Configuring job-level timeouts
By default, Dagster jobs have no automatic timeout. A stuck or runaway run can execute indefinitely until it's terminated manually. Job-level timeouts let you set a maximum runtime per job so the system can terminate runs that exceed it.
This is especially useful for:
- Scheduled jobs that should not overlap with subsequent ticks
- Jobs that depend on external systems prone to hangs
- Long-running jobs where you want to bound the worst case
Configuration
Use the dagster/max_runtime tag on the job (or run) to set the timeout in seconds.
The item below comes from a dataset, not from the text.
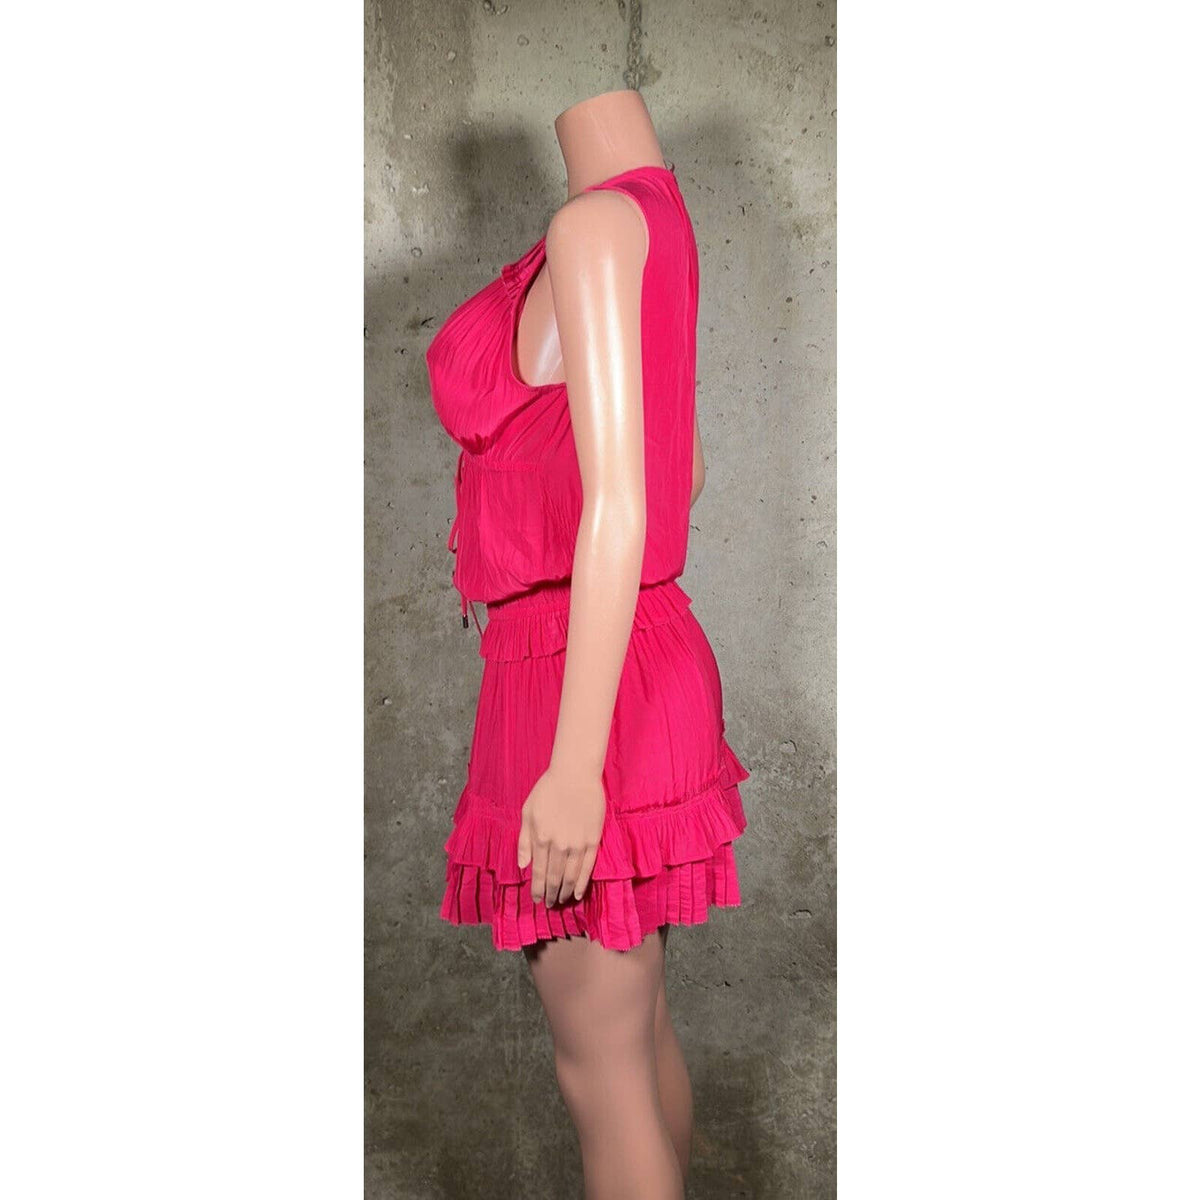 Ramy Brook Pink Ruffle Dress Sz. XS

The mechanism is the same in Dagster Open Source and Dagster+, but how you enable it differs slightly between each.
Dagster Open Source
-
Add the
dagster/max_runtimetag (in seconds) to your job definition. -
Enable run monitoring in your
dagster.yaml:run_monitoring:
enabled: true -
Restart your Dagster instance so the daemon picks up the configuration change.
Dagster+
- Add the
dagster/max_runtimetag (in seconds) to your job definition. Tags can also be applied at run launch time from the Launchpad or via the Dagster+ deployment settings.
No agent or instance restart is required.
Choosing a timeout value
Pick a timeout based on observed runtime, with headroom for normal variance:
- Watch a few weeks of completion times for the job.
- Set the timeout above the typical p99 runtime, not just the average.
- Re-evaluate after meaningful changes to data volume, dependencies, or upstream systems.